The same week the Duke workshop on long-term soil studies was held, Nature magazine featured papers that emphasized the importance of long-running measurements of the Earth’s environment. In a quote repeated several times during the soils workshop, the Nature editorial proclaimed, “Data sets encapsulating the behavior of the Earth system are one of the greatest technological achievements of our age – and one of the most deserving of future investment.”
According to Richter, “Long-term records are key to predicting the weather, air pollution, river floods, and wildlife populations. Similarly, long-term soil observatories need much greater support not only to improve our rapidly intensifying management of land and water, but also to better manage environmental change.”
The workshop concluded that, in the short-term, researchers and students should make the most of results from ongoing long-term experiments. In the words of Dr. Ishaku Amapu, a professor of soil fertility from northern Nigeria who studies a continuous cropping experiment that began in 1950, “We need to make our long-term experiments work harder.”

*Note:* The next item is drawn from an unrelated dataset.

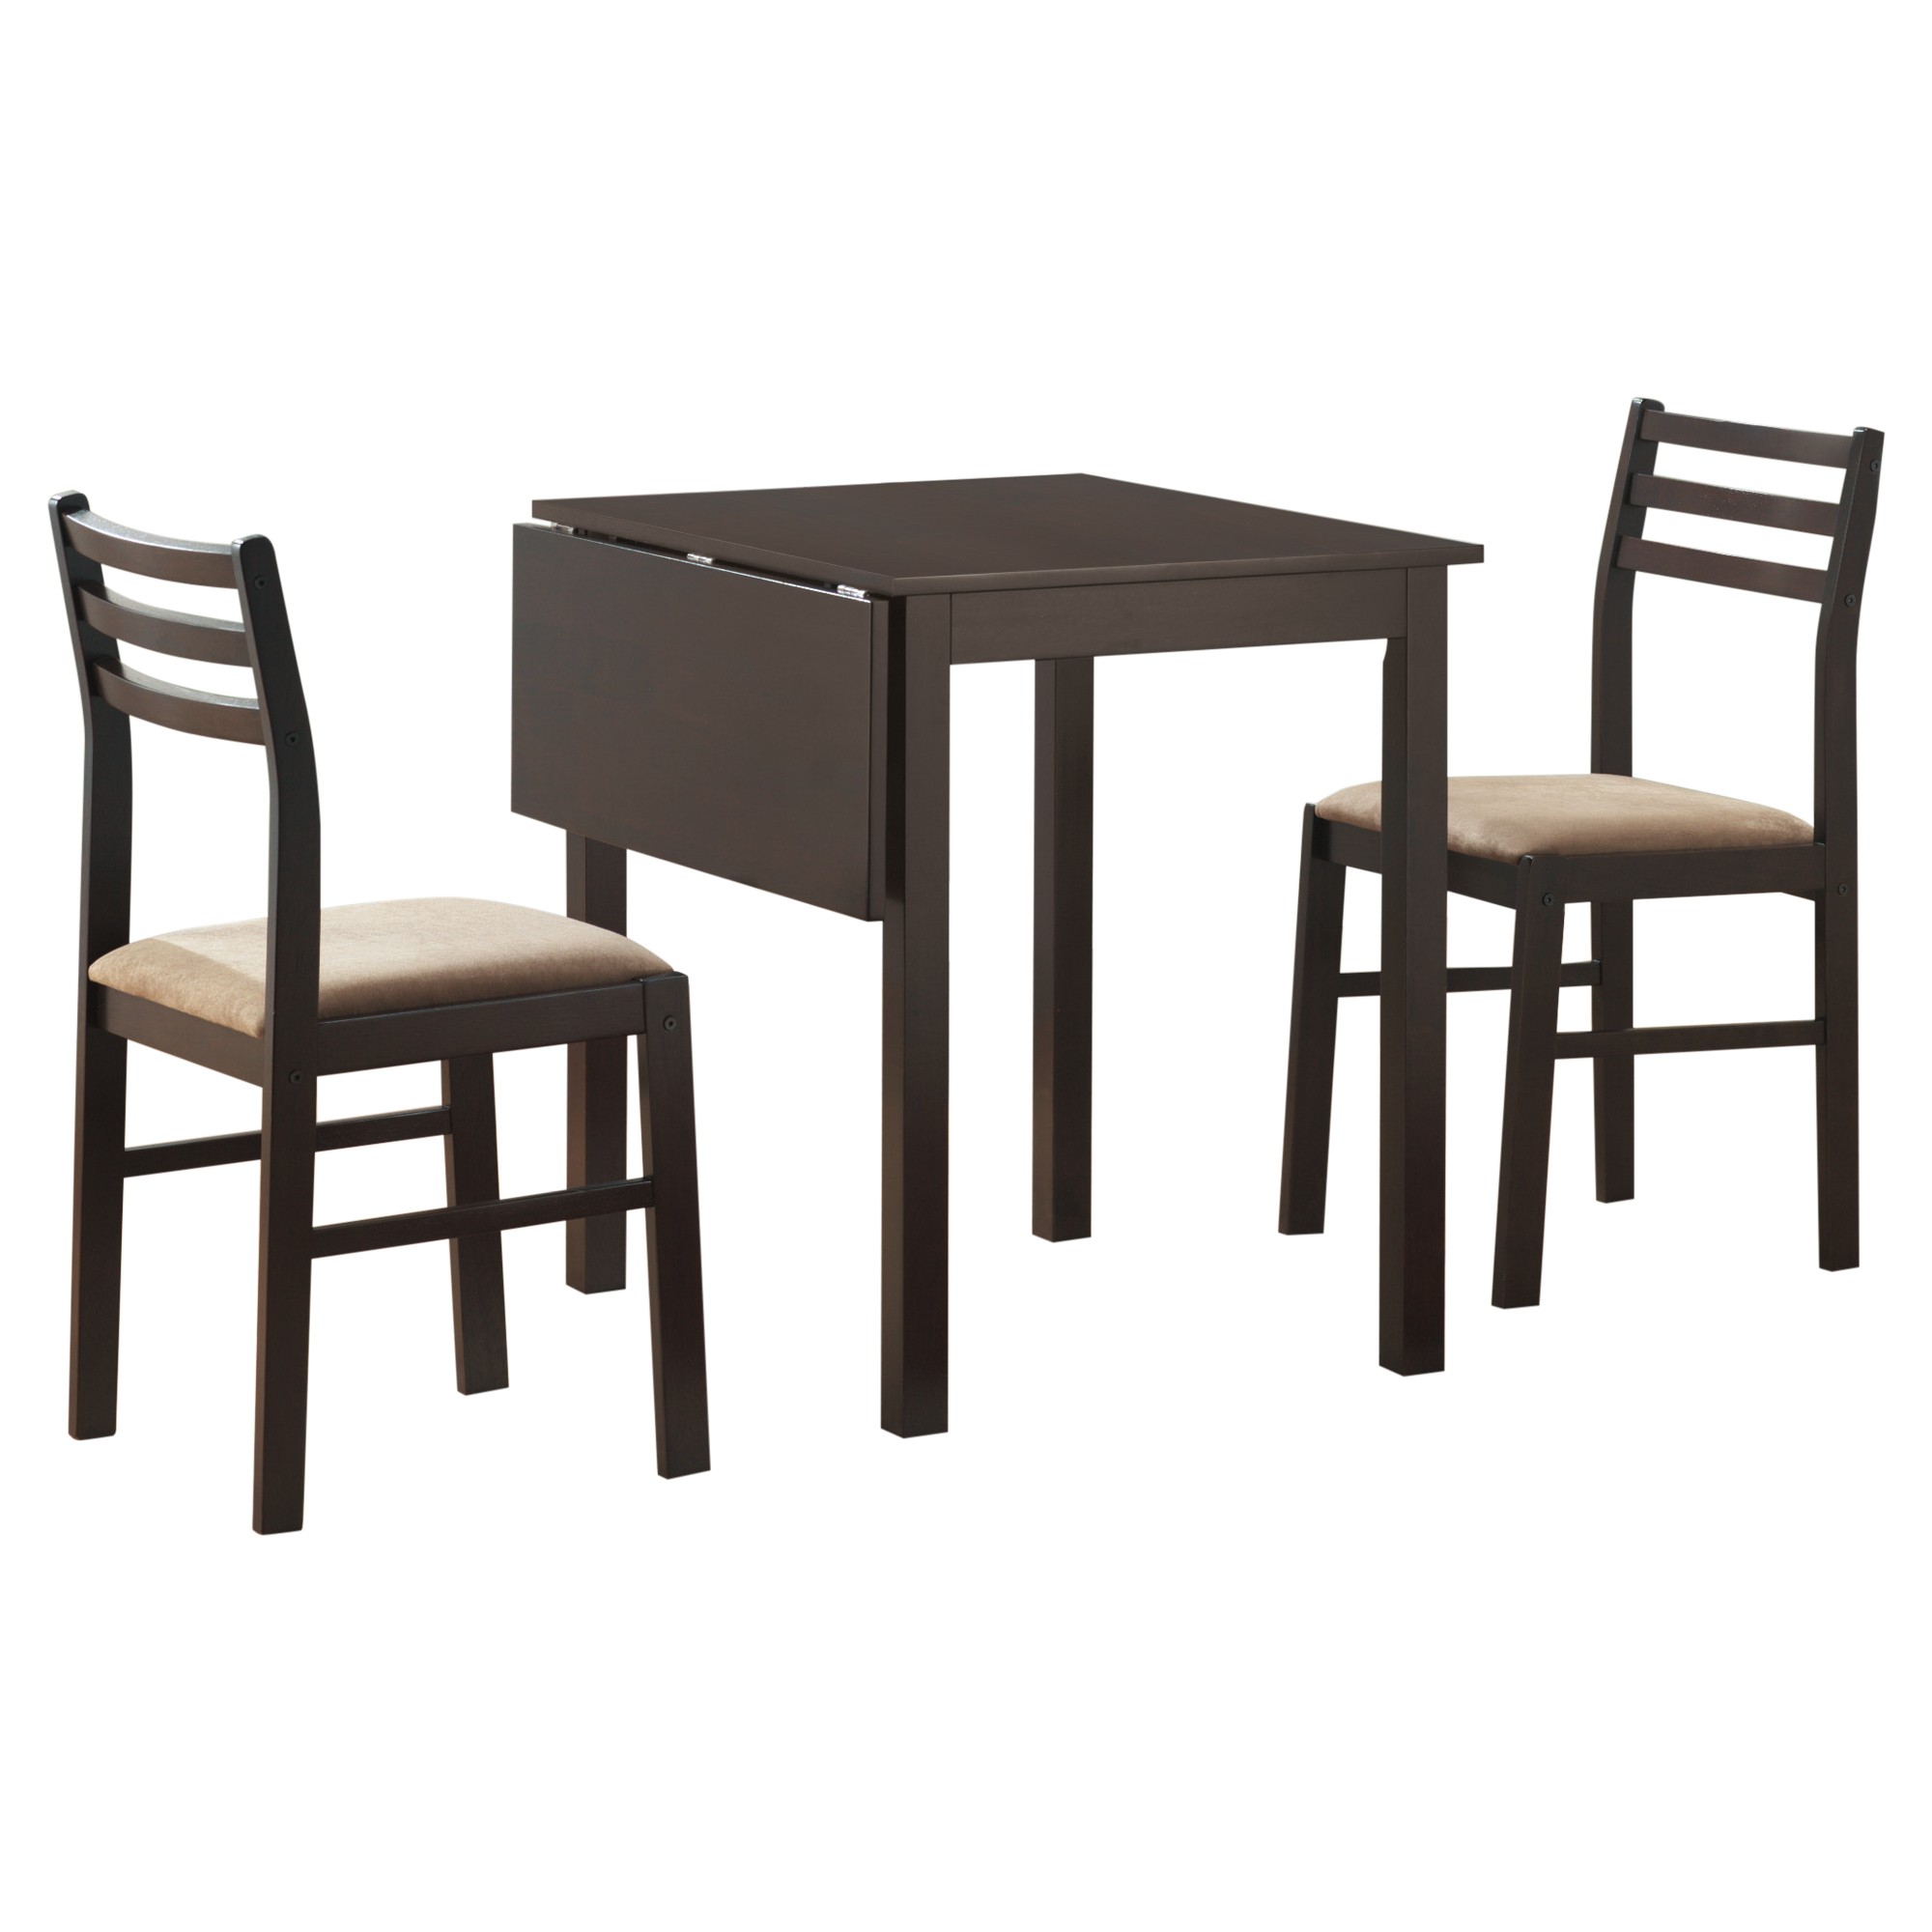 63" x 66.5" x 95" Cappuccino Beige Solid Wood Foam Polyester Blend 3pcs Dining Set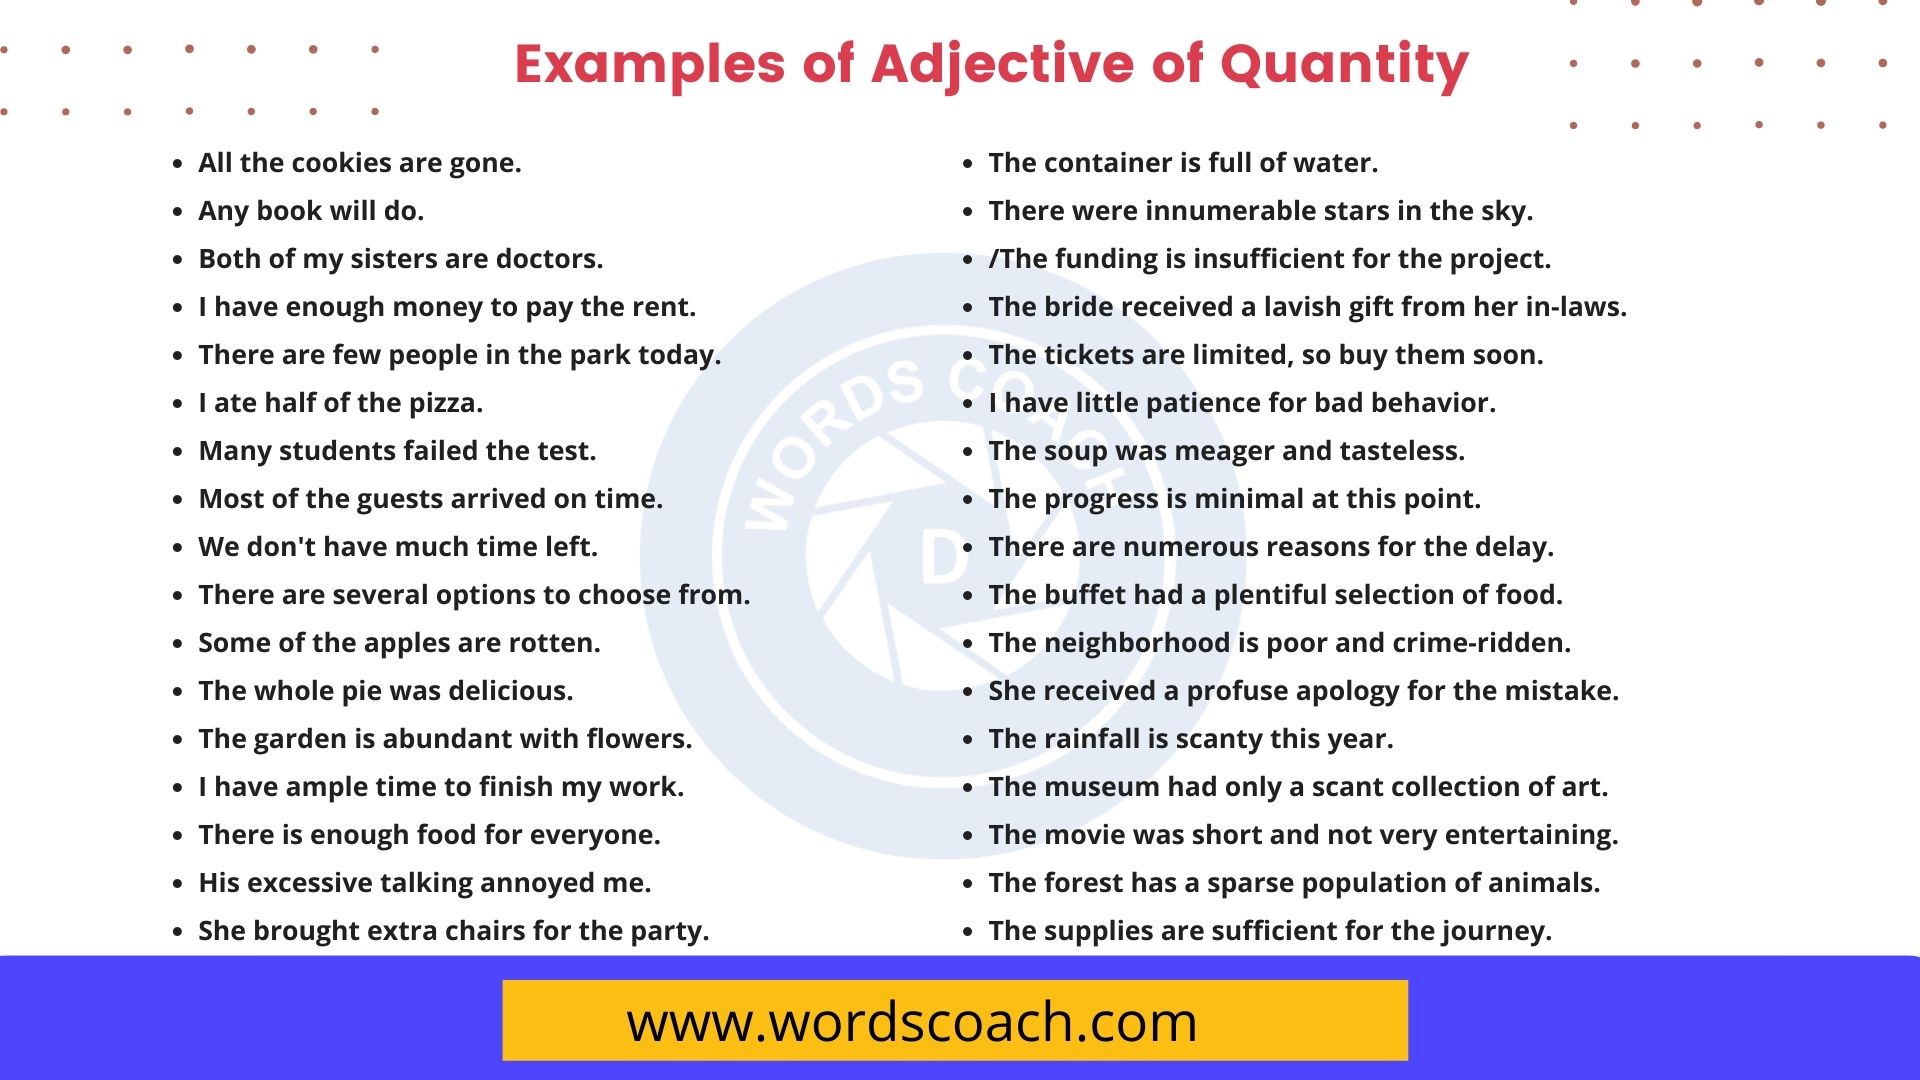 100-examples-of-adjective-of-quantity-word-coach

Such long-term research requires long-range planning and Richter invites interested scientists, students, and the public to join this international effort. He and his fellow organizers have funding support from the National Science Foundation (NSF) Research Coordination Network Program and Critical Zone Exploratory Network, the United States Department of Agriculture, and 91 to host five yearly meetings.
The GSCC was established in 2006 with a $425,000, five-year grant from the NSF’s Research Coordination Network. It was launched with research and administrative support from Duke’s Center on Global Change. Richter and students from Duke, North Carolina State University and the University of North Carolina at Chapel Hill assembled the initial online inventory of soil research sites in an advanced soils science class at Duke.